Editorial- School Libraries: "The Centerpiece"
Books needed for President Bush
Evan St. Lifer -- School Library Journal, 12/1/2001
I must admit, I have spent my first two months as editor of School Library Journal wide-eyed: attending notable awards events that celebrate the craft of creating exceptional stories and vivid images that inspire and entertain young minds, talking shop with talented authors and illustrators, and networking with savvy movers-and-shakers.
Just before Halloween, I went to my first Charlotte Zolotow award ceremony. Hosted by the University of Wisconsin's Cooperative Children's Book Center and established in 1998, the prestigious annual award honors outstanding writing in a picture book. With its first-ever award ceremony in New York City, the event drew many of children's book publishing's best and brightest to honor winning author Kate Banks for her book The Night Worker (Farrar/Frances Foster, 2000), as well as Christopher Myers for Wings (Scholastic, 2000).

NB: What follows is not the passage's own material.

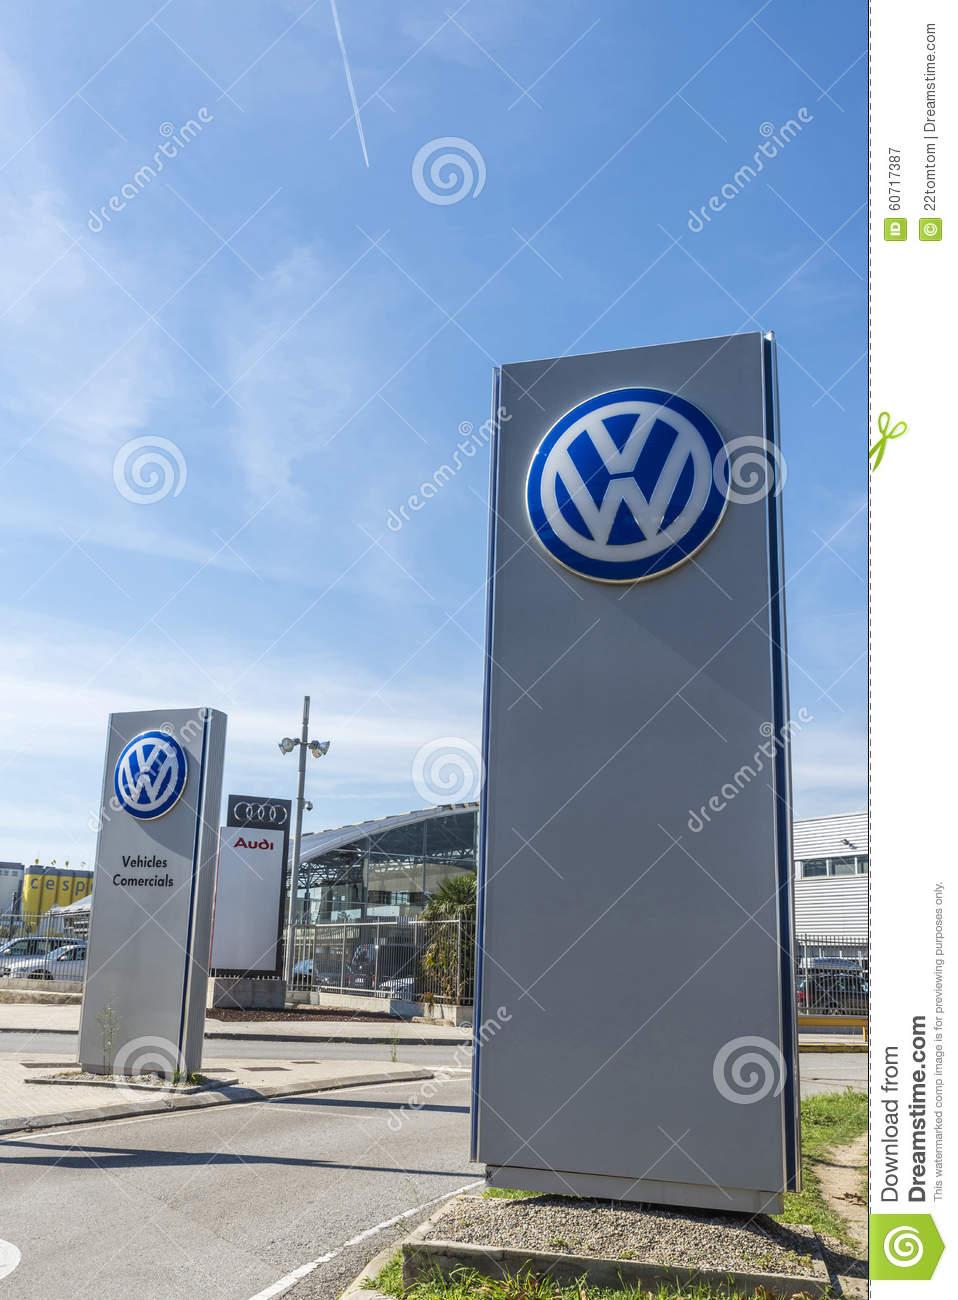 topo_volkswagen-headquarters-barcelona-spain-october-largest-german-automaker-spain-60717387

Just a couple of weeks later, I attended the Anne Carroll Moore lecture at New York Public Library. I was captivated by this year's honoree, Julius Lester. He explained how his childhood in the violent, racist South of the 1940s helped form the creative fulcrum for his prolific writing career. He is the author of more than two dozen books for children and young adults, including such classics as To Be a Slave (Dial, 1968, 1998) and Uncle Remus: The Complete Tales (Dial, 1999).
However, as I reflect back on these heady two months, I realize that many, if not most, economically disadvantaged children in America will never gaze upon the pages of these cherished books. Most will never get the chance to lose themselves in the dreamy subtext of The Night Worker or obtain a much-needed dose of validation through Chris Myers's tale of individuality and self-esteem.

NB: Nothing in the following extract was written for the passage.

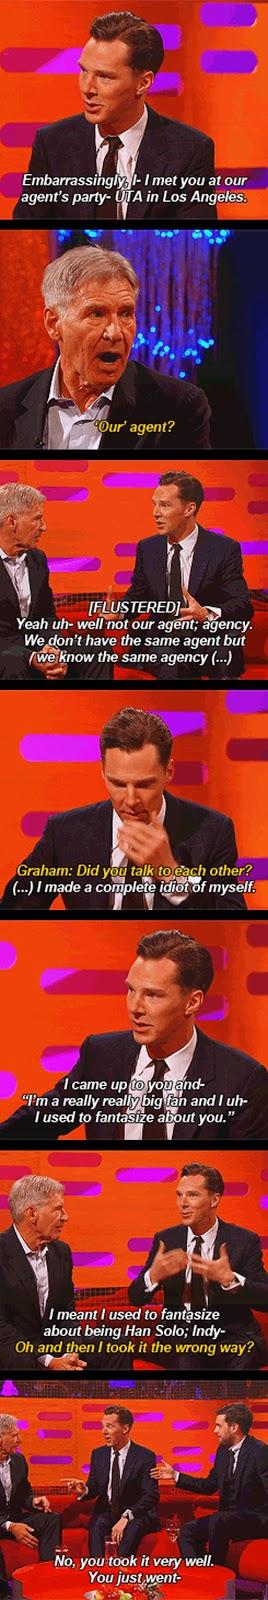 Benedict Cumberbatch met Harrison Ford

We celebrate books, we publicize our best picks, we honor the creators and, yet, the end results, the books themselves, never make it to those children who need them most. School libraries in our poorer communities simply can't afford to buy new books and are left with moribund, dated collections—if they have any collections left at all.
Congress is now debating a measure that would be the biggest boon to school libraries in more than 30 years. An amendment to President Bush's Reading First education initiative and introduced by Sen. Jack Reed (D-RI), the bill would authorize an unprecedented $500 million for local school libraries to buy new books and technology and provide training for librarians (see News ). The Reed Amendment meshes perfectly with Reading First, an effort to ensure that every child in America can read before entering the fourth grade. While the measure funds materials for grades one through three, we cannot rest until federal funding for school library materials includes grades four through 12 as well.

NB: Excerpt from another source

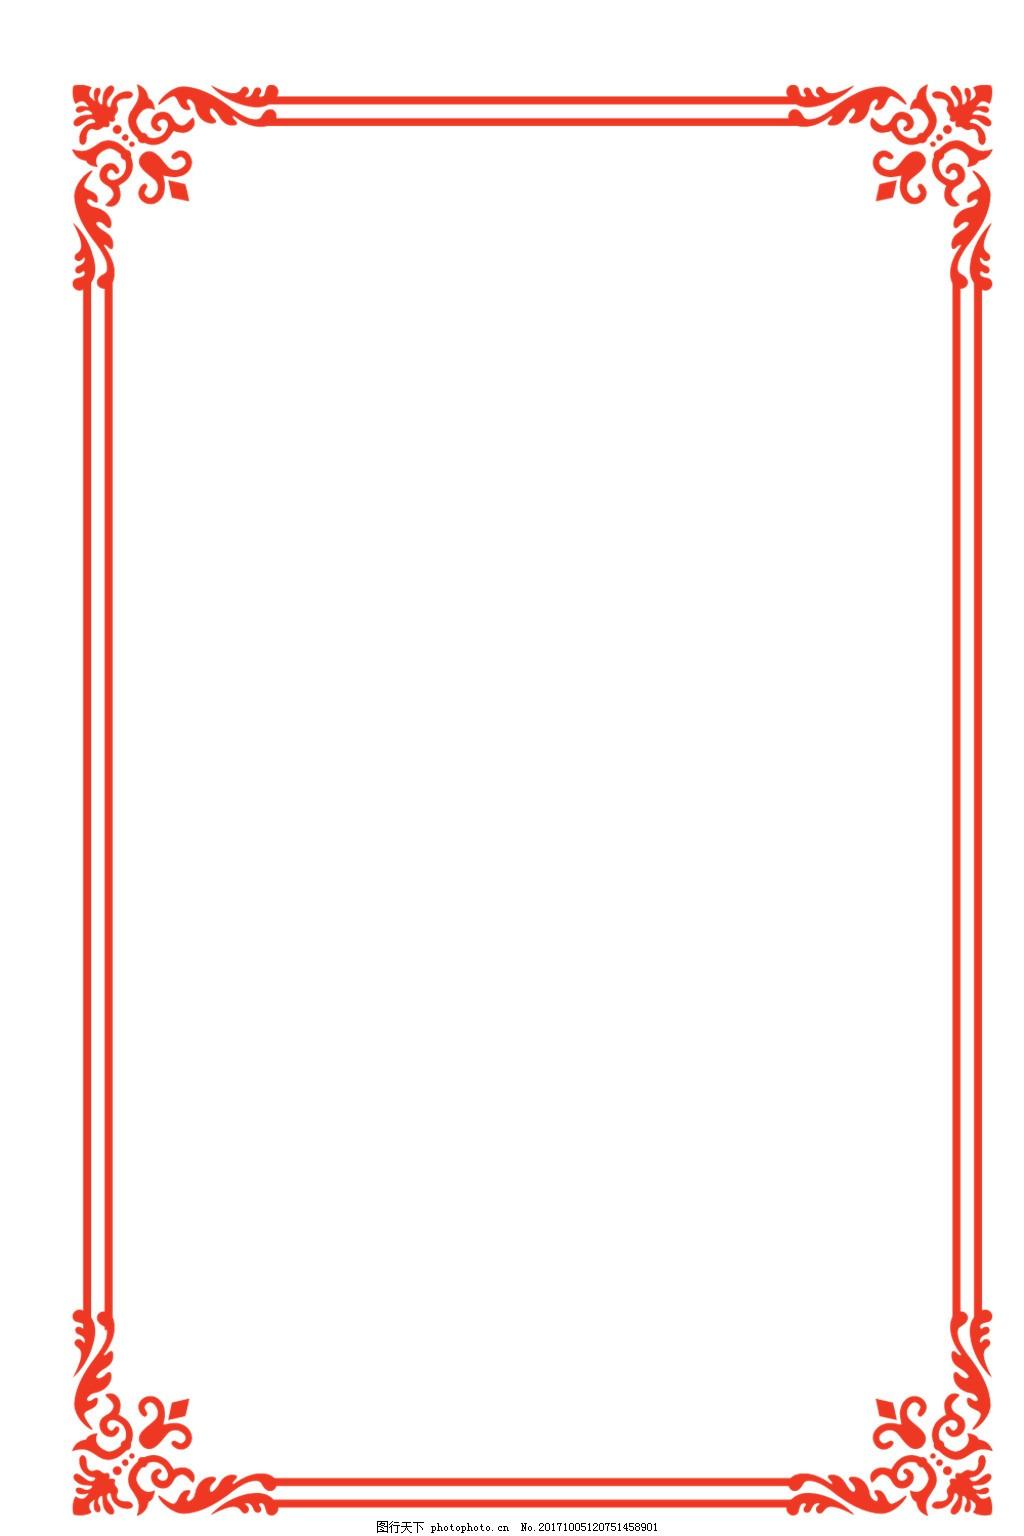 中国风红色花边边框图案元素

However, Reading First cannot be successful if kids do not have books to read. Right now, in many school districts across the nation, they don't. This, despite the critical role that public libraries play in a local community's literacy efforts. But Susan B. Neuman, a noted reading expert who is now Assistant Secretary of Elementary and Secondary Education, has conducted some compelling research that aptly confirms the yawning literacy gap between low-income children and their higher-income peers. Flatly stated, poorer kids have less access to books, whether at school, in their neighborhoods, or at home. Through her research, Neuman, whom we interviewed in this issue (see A Friend at the Top ), is convinced that "school libraries are the centerpieces of good schools." Neuman also recognizes the critical role that school libraries must play in the president's Reading First initiative in order for it to succeed. "We must bridge our two worlds [reading and libraries]" in schools, says Neuman, and then begin to highlight the work of librarians. "I think so many librarians are the hidden stars of literacy," says Neuman. Congress, are you listening?